- **Assigned task**
In the entries below, begin at the line with "Vue sur la statue" and stop after the line with "Oroszországban egy újab meteoritos nap"; output those lines exactly and omit the pictures.

- **Data for processing**
◇ ◇ ◇ ◇ ◇
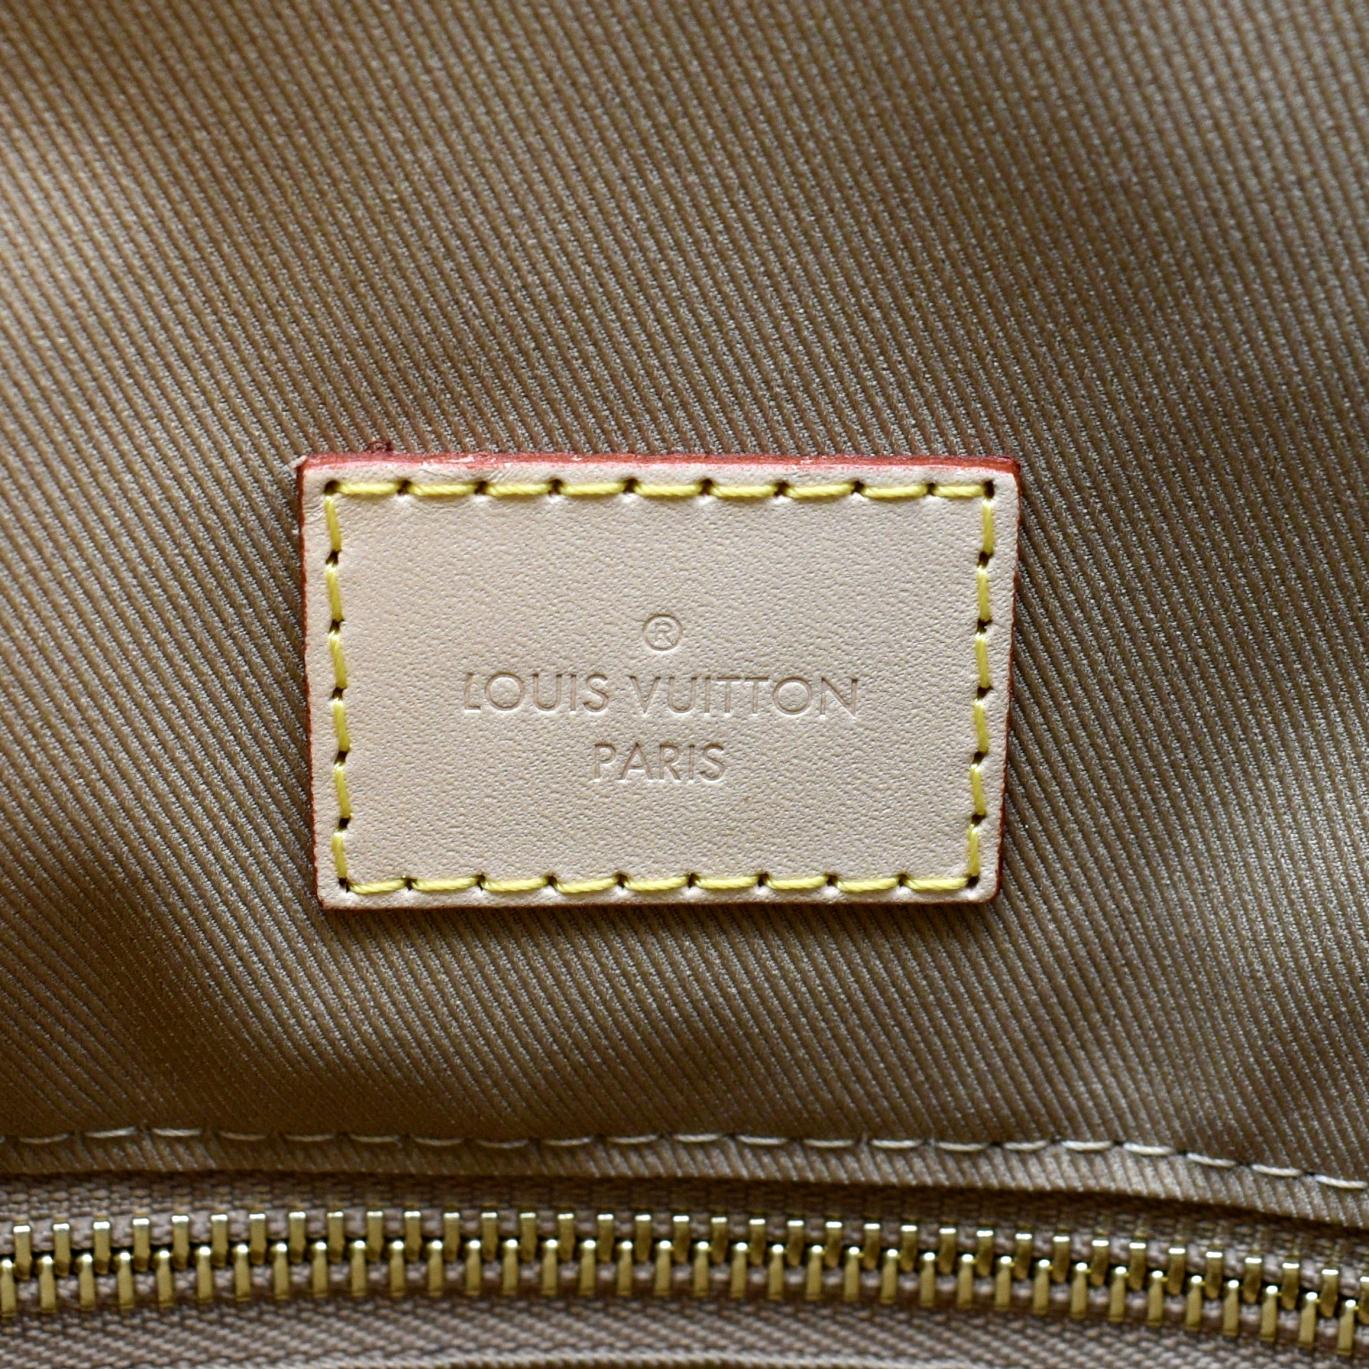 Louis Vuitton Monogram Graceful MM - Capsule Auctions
◇ ◇ ◇ ◇ ◇
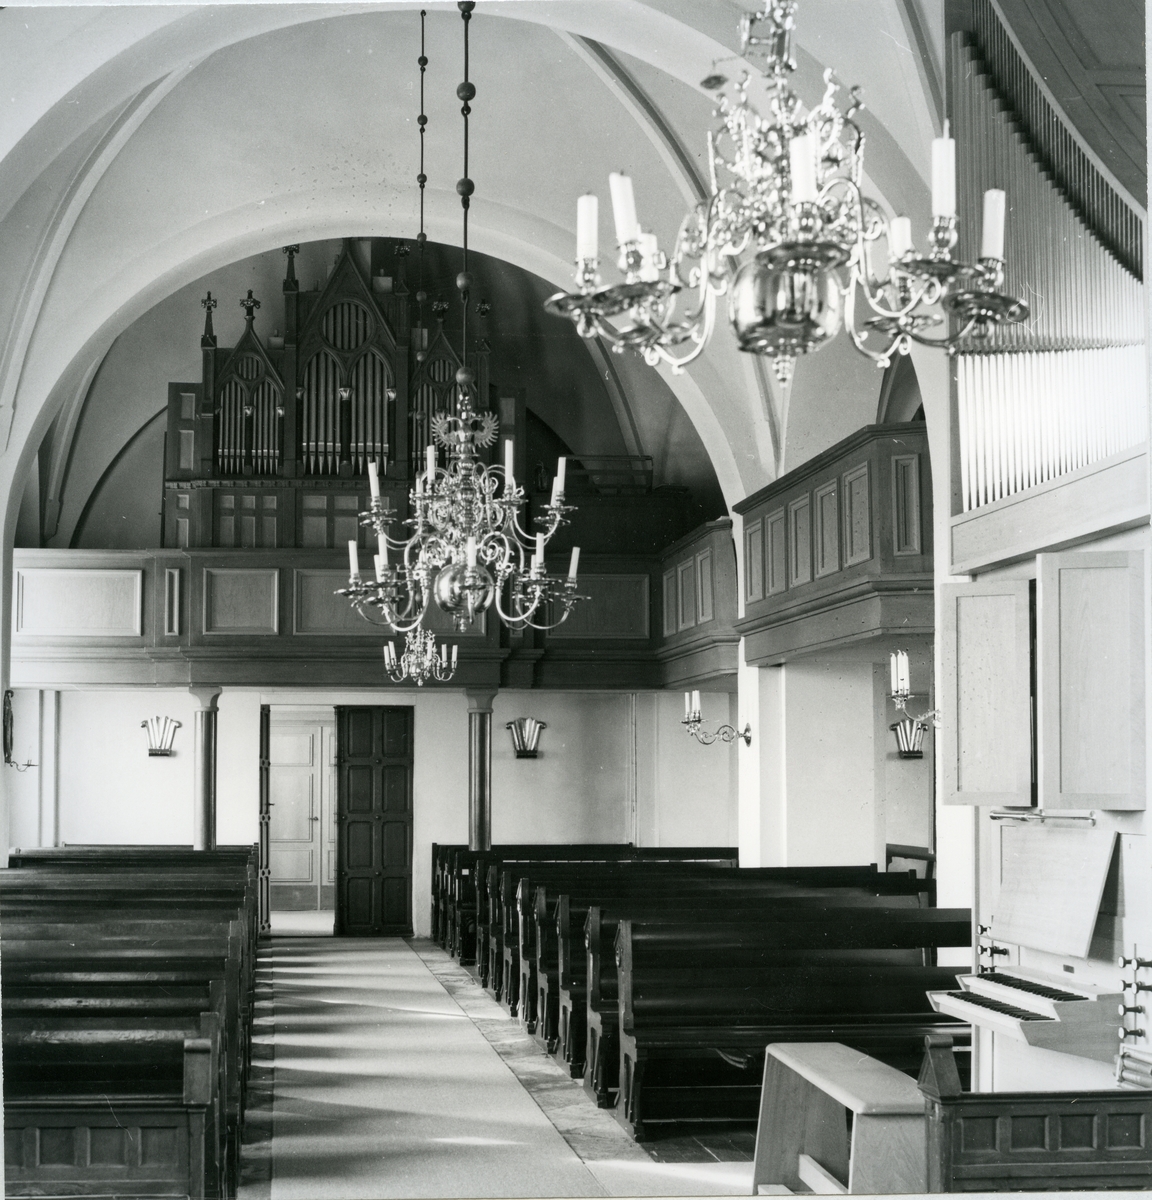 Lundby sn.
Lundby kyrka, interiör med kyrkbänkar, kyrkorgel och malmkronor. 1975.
◇ ◇ ◇ ◇ ◇
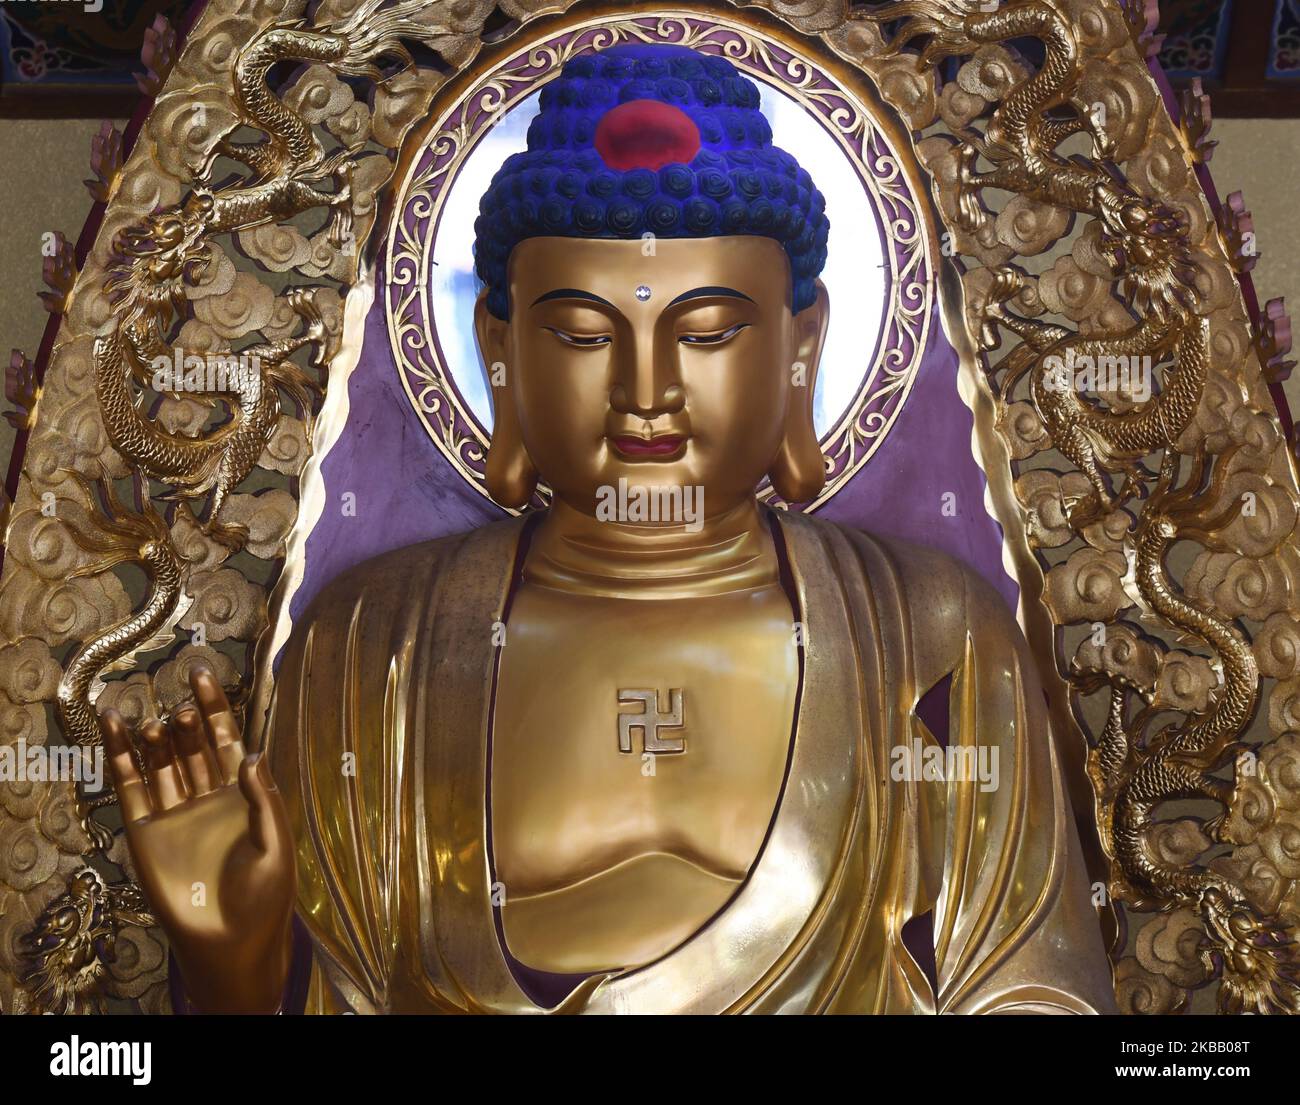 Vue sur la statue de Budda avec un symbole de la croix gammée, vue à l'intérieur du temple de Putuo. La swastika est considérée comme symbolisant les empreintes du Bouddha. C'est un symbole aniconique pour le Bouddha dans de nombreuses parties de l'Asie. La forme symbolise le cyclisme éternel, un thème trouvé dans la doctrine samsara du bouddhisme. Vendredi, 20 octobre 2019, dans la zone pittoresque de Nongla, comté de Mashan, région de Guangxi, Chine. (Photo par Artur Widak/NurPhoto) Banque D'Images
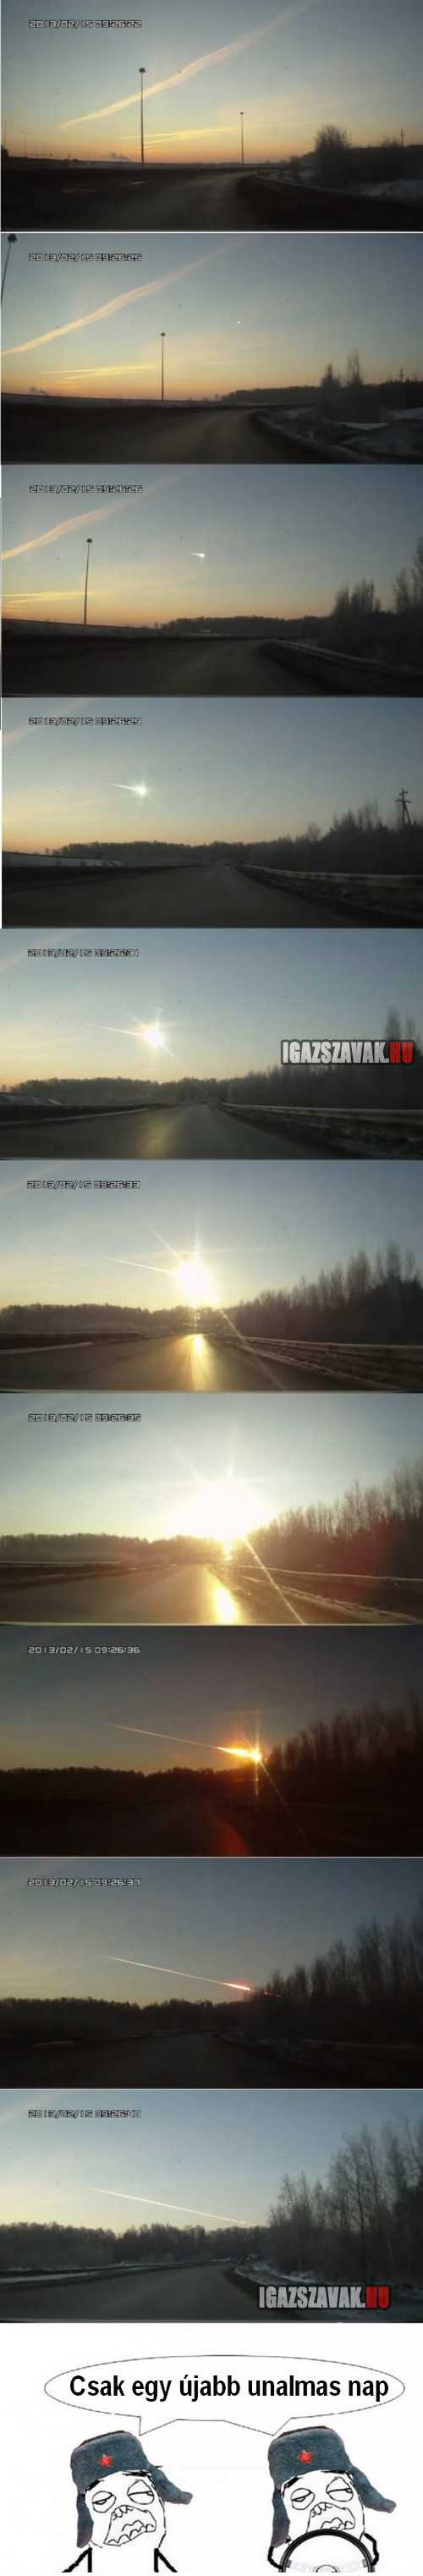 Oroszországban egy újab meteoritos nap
◇ ◇ ◇ ◇ ◇
- **Expected output**
 Vue sur la statue de Budda avec un symbole de la croix gammée, vue à l'intérieur du temple de Putuo. La swastika est considérée comme symbolisant les empreintes du Bouddha. C'est un symbole aniconique pour le Bouddha dans de nombreuses parties de l'Asie. La forme symbolise le cyclisme éternel, un thème trouvé dans la doctrine samsara du bouddhisme. Vendredi, 20 octobre 2019, dans la zone pittoresque de Nongla, comté de Mashan, région de Guangxi, Chine. (Photo par Artur Widak/NurPhoto) Banque D'Images
 Oroszországban egy újab meteoritos nap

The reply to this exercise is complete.